Using test_train_split, set a random 10% of the instances aside for use as a blinded sample.

### Step 4: Train Model #1

Pick an appropriate scoring parameter and train a LinearRegressor model to fit the data, using cross-validation to evaluate the uncertainty of the score.

How does the model perform? Give an appropriate quantitative measure.

### Step 5: Train Model #2

Using the same scoring parameter, train a linear model with ElasticNet regularization. Use nested CV to optimize the $\texttt{l1\_ratio}$ hyperparameter, which adjusts the balance between the L1 and L2 regularization terms.

How does the model perform? Give an appropriate quantitative measure. Did it out-perform the non-regularized model? What was the optimal setting for the regularization hyperparameter? 

### Step 6: Analyze coefficients

Give the coefficients found by each model. Compare them in a bar chart, as we did in Studio 7.


Did regularization drive any of the coefficients to 0?

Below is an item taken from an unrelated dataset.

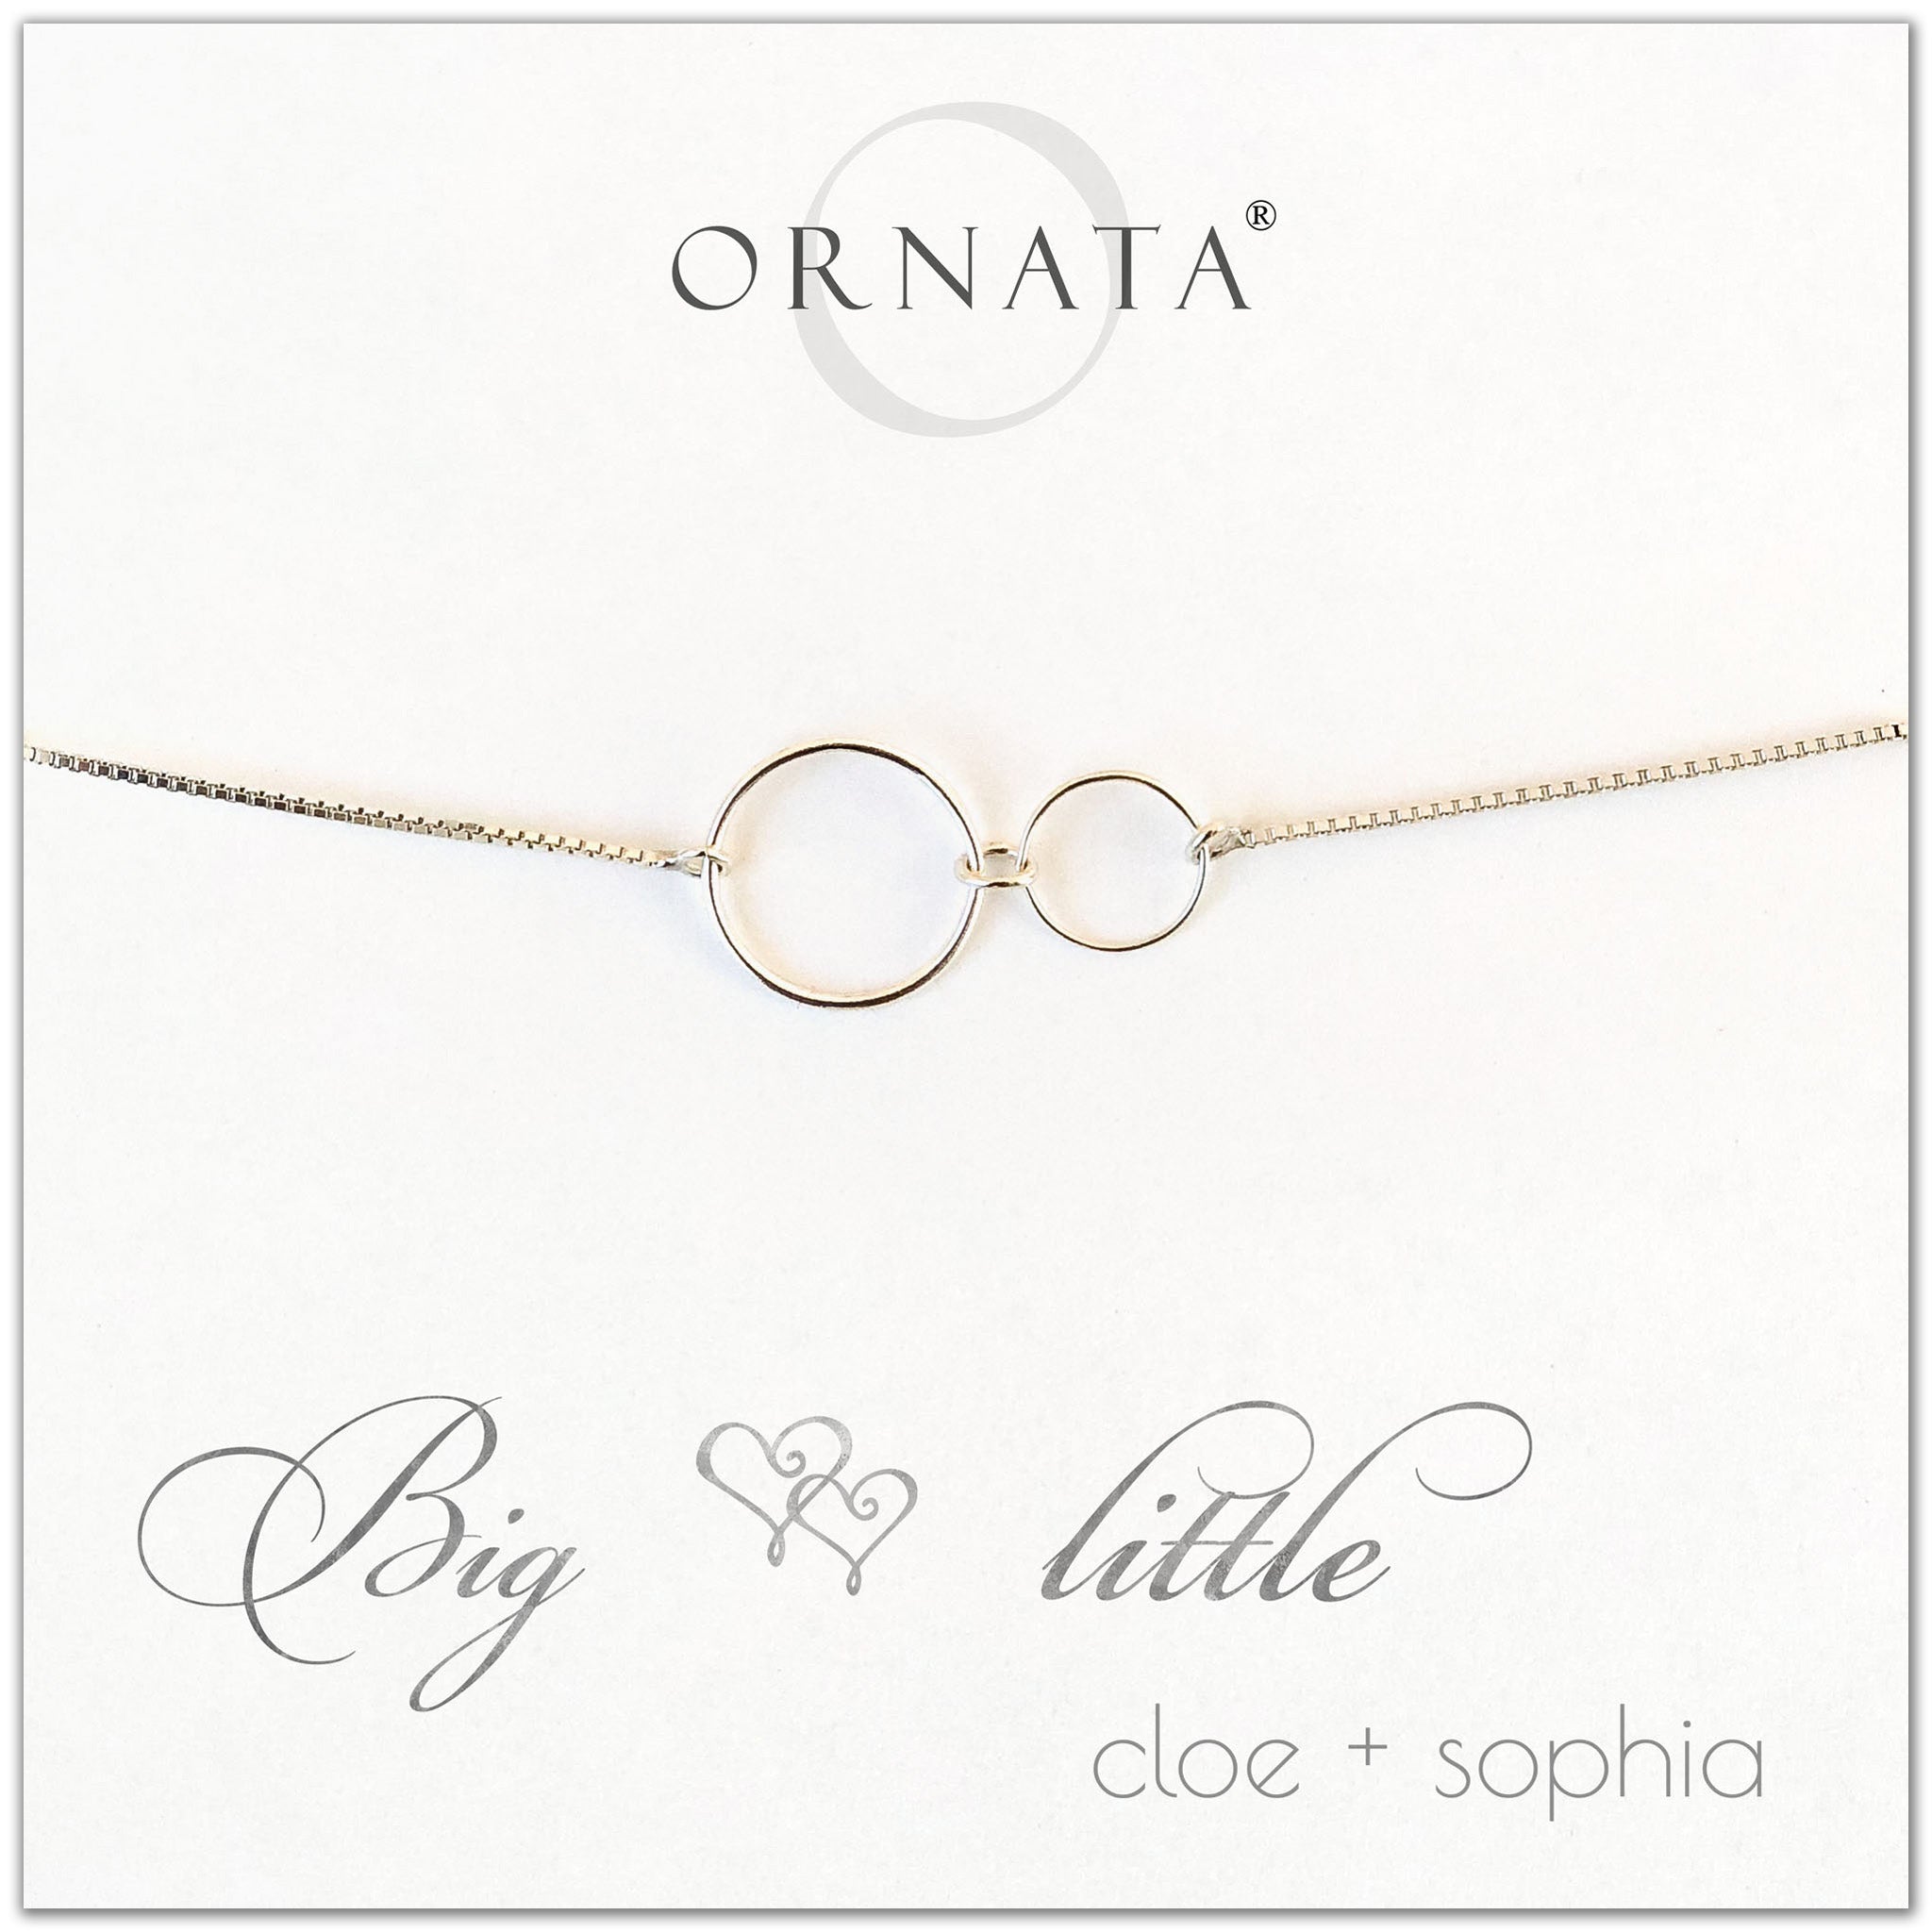 Big Little Sorority Sisters personalized sterling silver bolo bracelet. Our custom bracelets make good gifts for sororities or sisters. Perfect for big little reveal day! 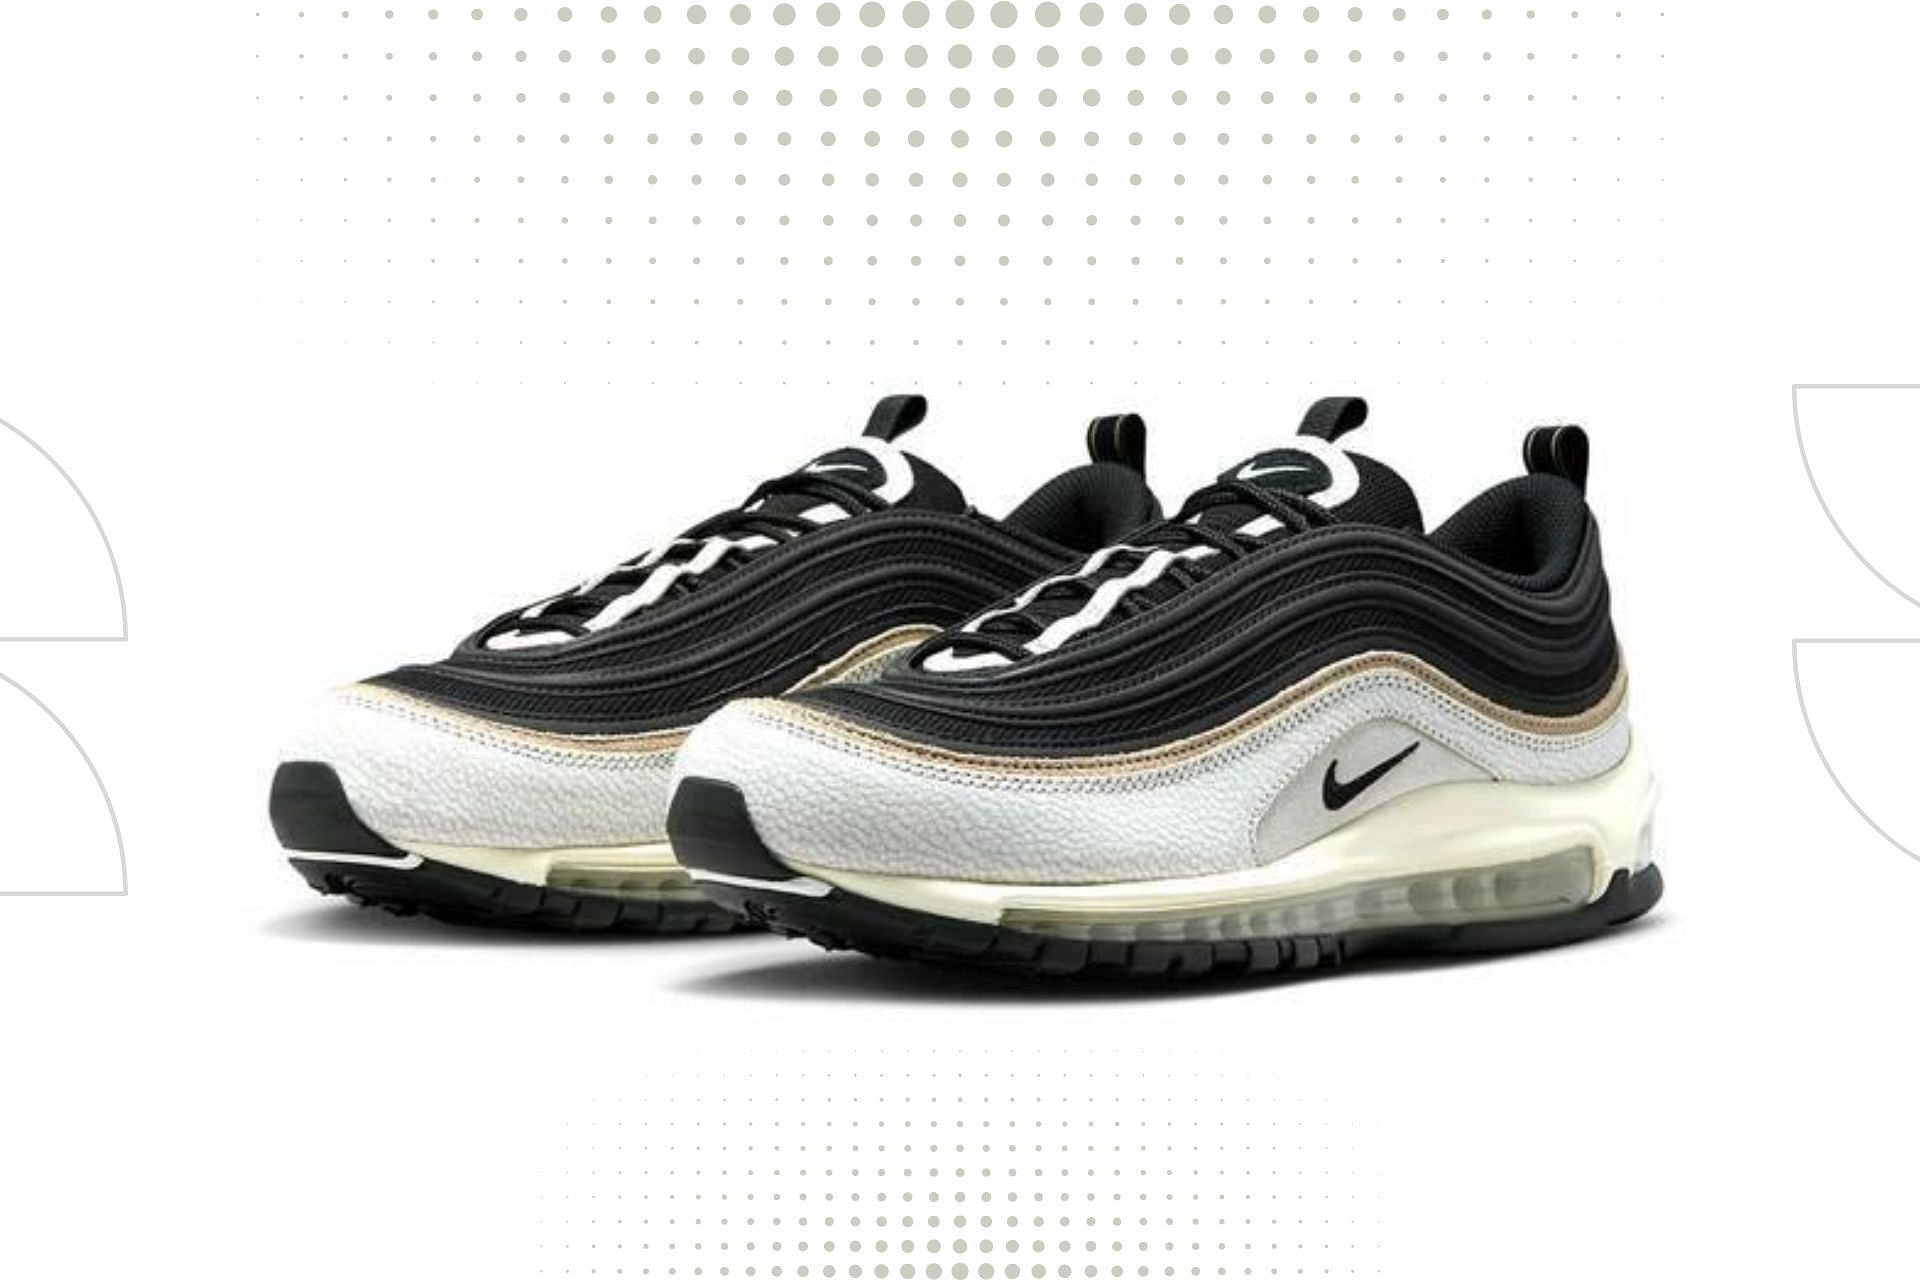 Air Max 97: Nike Air Max 97 “Black/White” Shoes: Where To Buy, Price, And  More Details Explored

### Step 7: Make predictions and analyze the results

Apply the trained models to the blinded test data to make predictions of the binding energy for each atom, and compare the results to the true values.

Make the following plots to help you analyze the results:

- A scatter plot of binding energy vs. Z. Include the train and blinded test points, with different colors or markers to distinguish them.  
- A scatter plot of binding energy vs. A. Include the train and blinded test points, with different colors or markers to distinguish them.  
- A scatter plot of the liquid drop model residuals per nucleon (true BE - fit BE)/A vs. Z for the blinded test points, using the results from your best-performing model. 
- A scatter plot of the liquid drop model residuals per nucleon (true BE - fit BE)/A vs. A for the blinded test points, using the results from your best-performing model. 
- A color 2d scatter plot where Z is the y axis, N is the x axis, and color gives the value of the liquid drop model residuals per nucleon (true BE - fit BE)/A for all the instances. The inspiration here is the chart of the nuclides found at https://www.nndc.bnl.gov/nudat3/, where you can select "BE-LDM Fit/A" to plot these residuals for each nucleus, or this example on Wikipedia (https://en.wikipedia.org/wiki/Semi-empirical_mass_formula#/media/File:Semi-empirical_mass_formula_discrepancy.png). Their residuals won't agree with yours, since that fit includes an extra pairing interaction term that we didn't include. 


Do you notice a trend in the residuals as a function of either Z or A? Any other trends/features you noticed?